- Data block -
+-------+
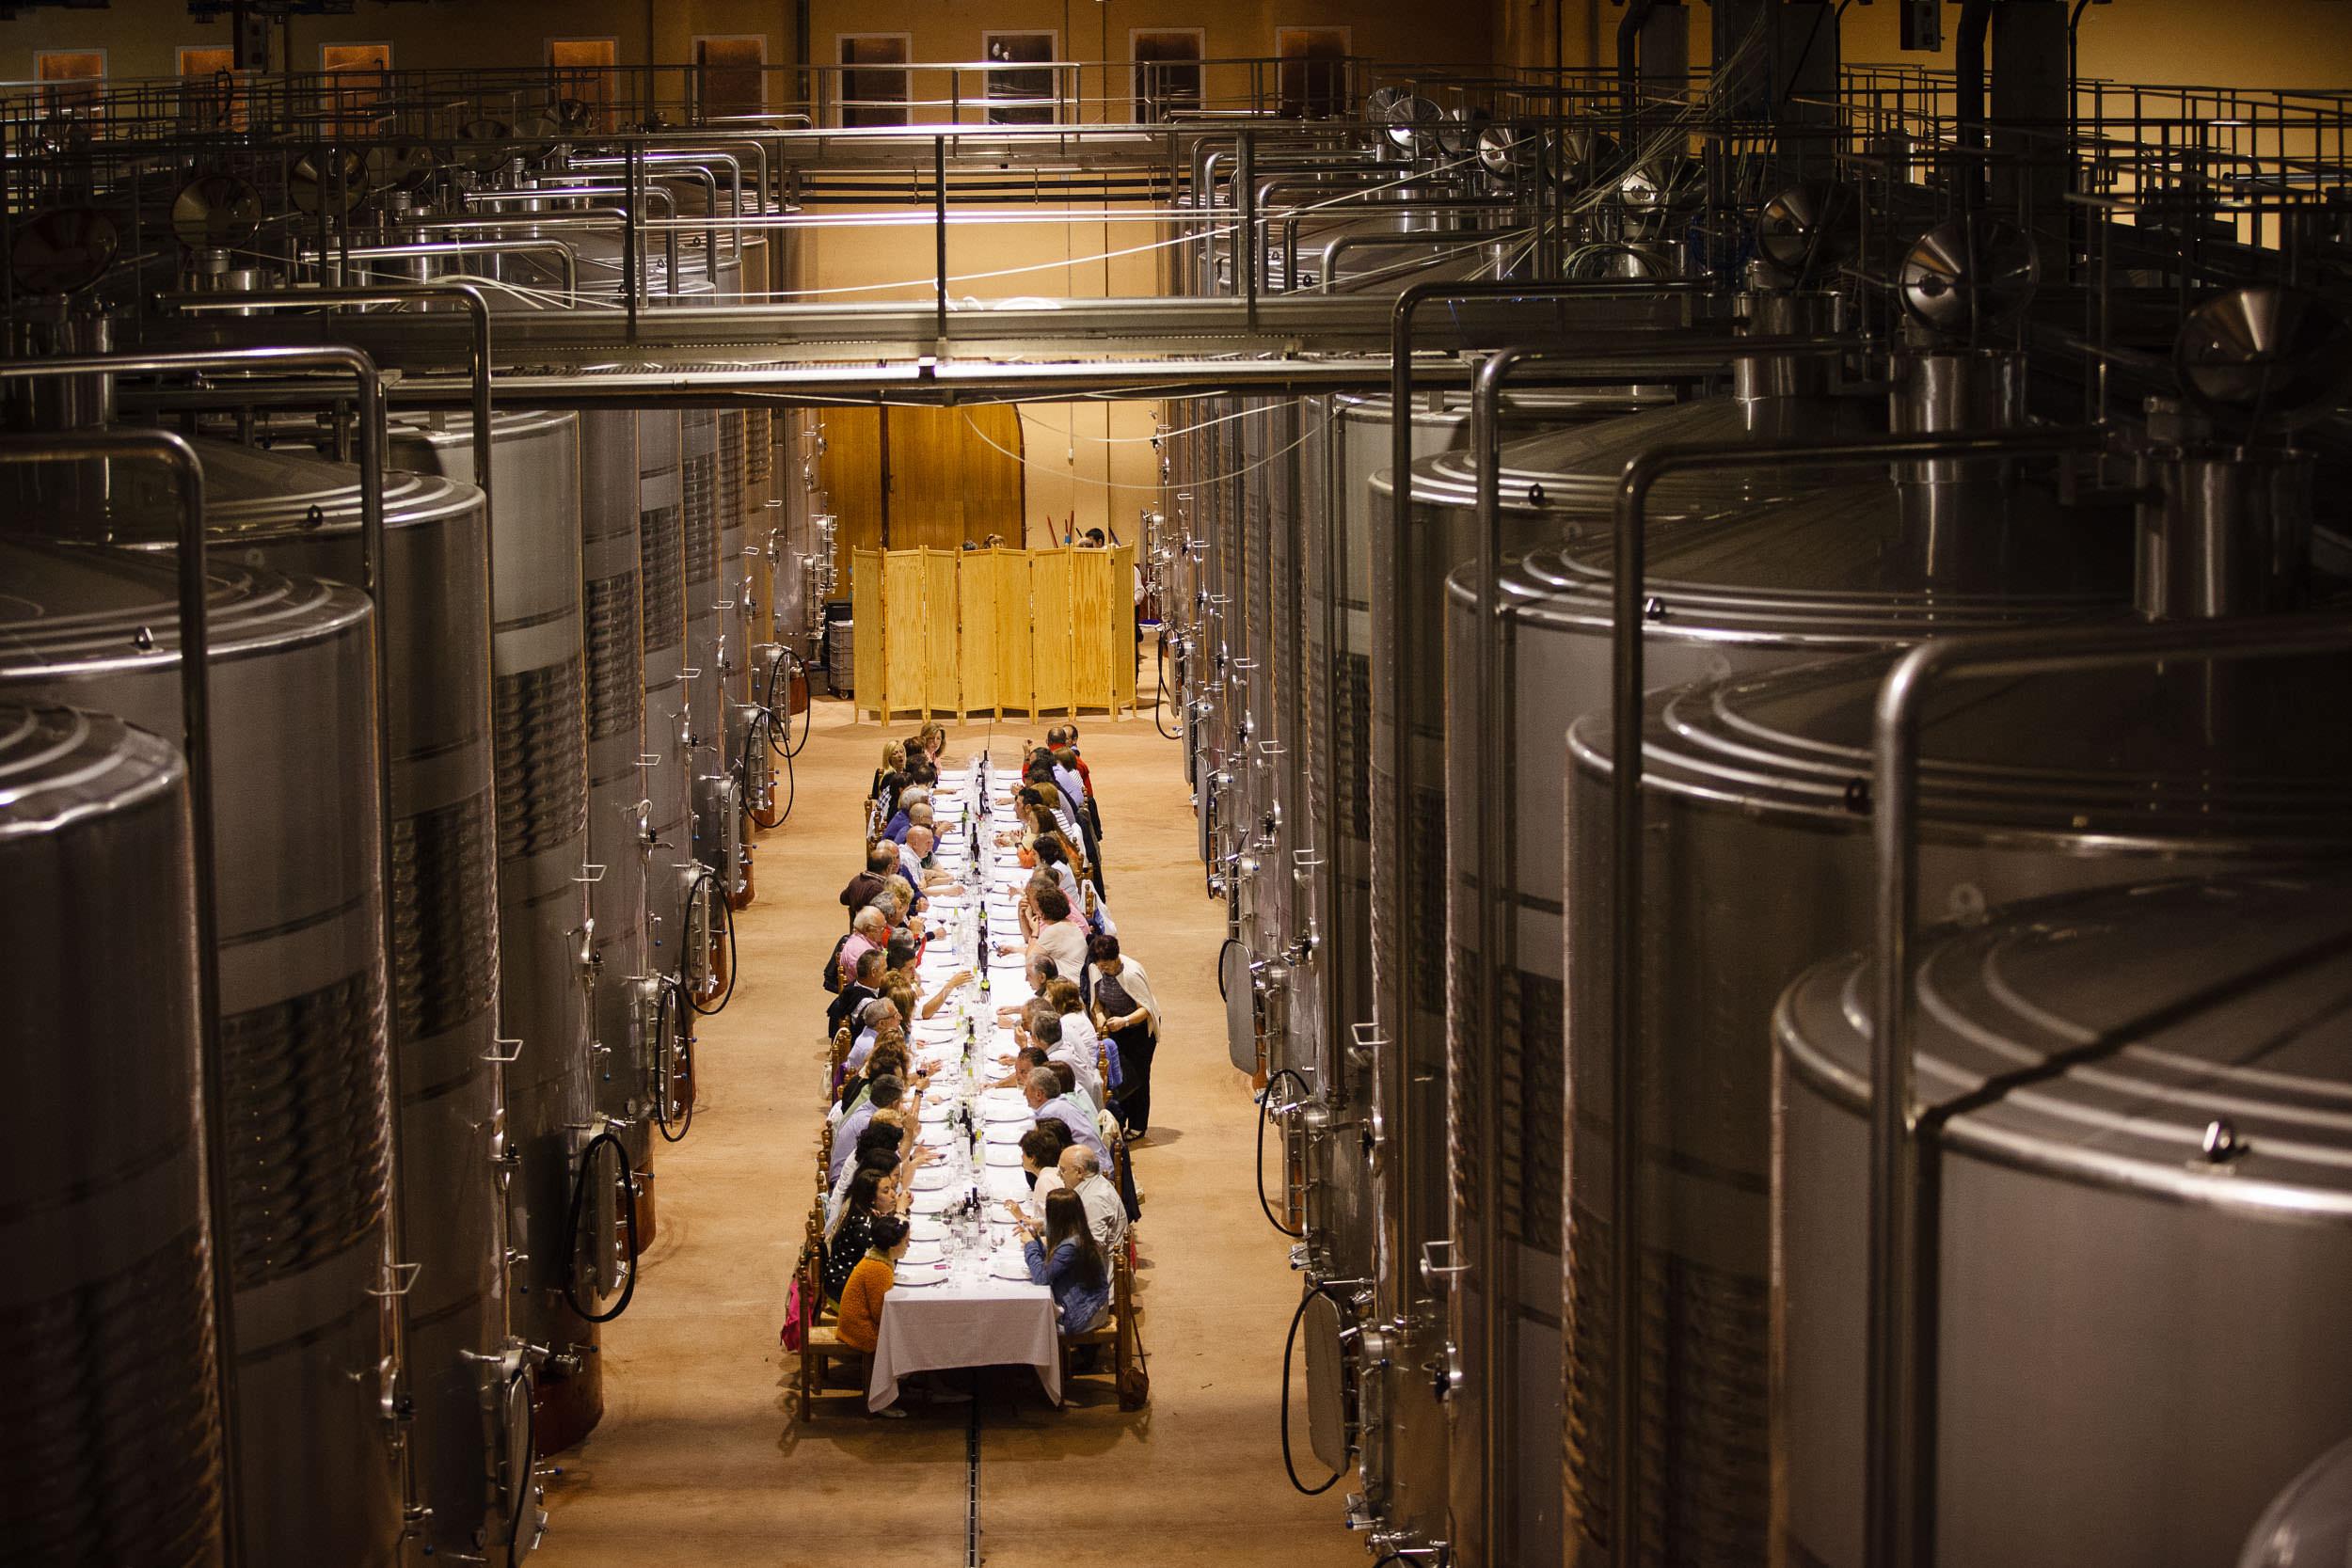 Fotografía comercial La Rioja y Pais Vasco Espana - James Sturcke | sturcke.org_018.jpg
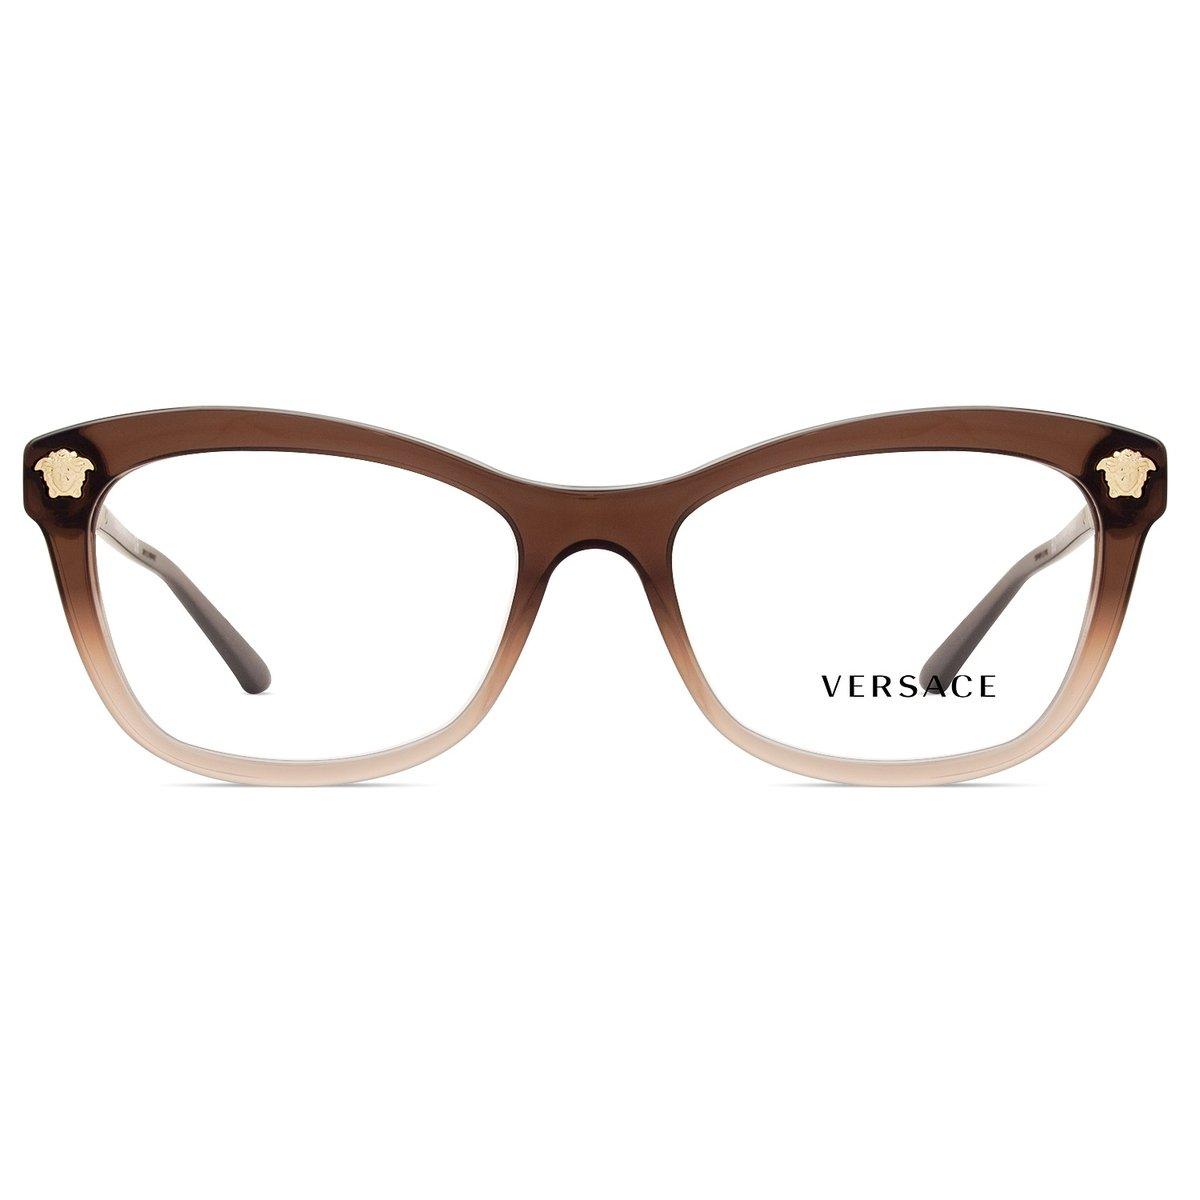 Armação Óculos de Grau Versace VE3224 5165-54 - Compre Agora   Zattini 567e2ecb07
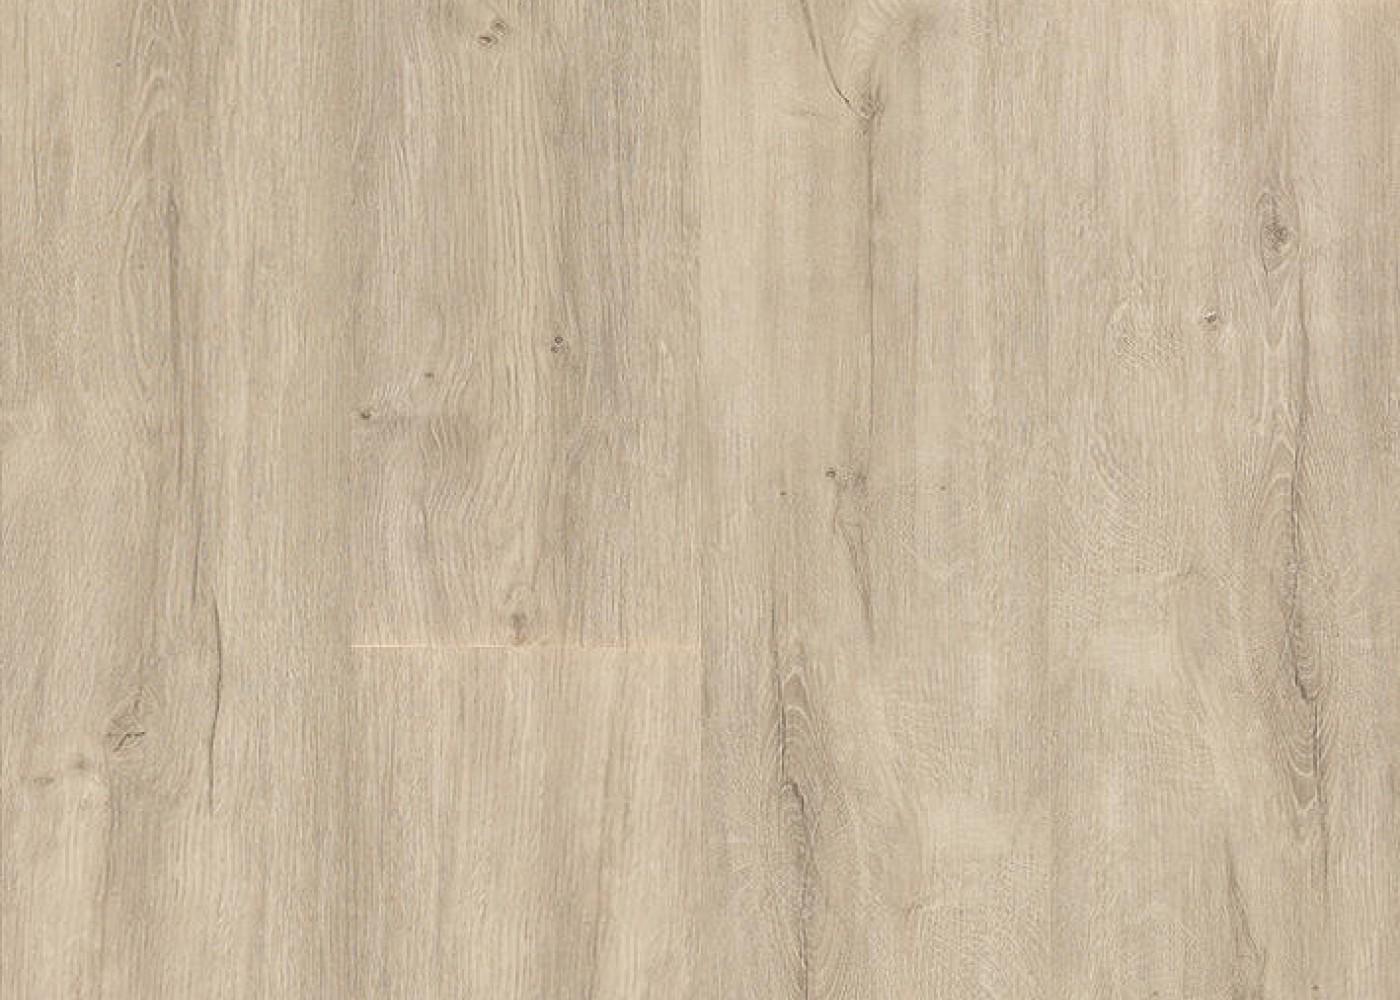 Vinyle rigide Chêne Cap Blanc Nez passage commercial 4.5x225x1524
+-------+
- Description of the task -
From the first line to the last, return the material above exactly, apart from the pictures.

- Response area -
 Fotografía comercial La Rioja y Pais Vasco Espana - James Sturcke | sturcke.org_018.jpg
 Armação Óculos de Grau Versace VE3224 5165-54 - Compre Agora   Zattini 567e2ecb07
 Vinyle rigide Chêne Cap Blanc Nez passage commercial 4.5x225x1524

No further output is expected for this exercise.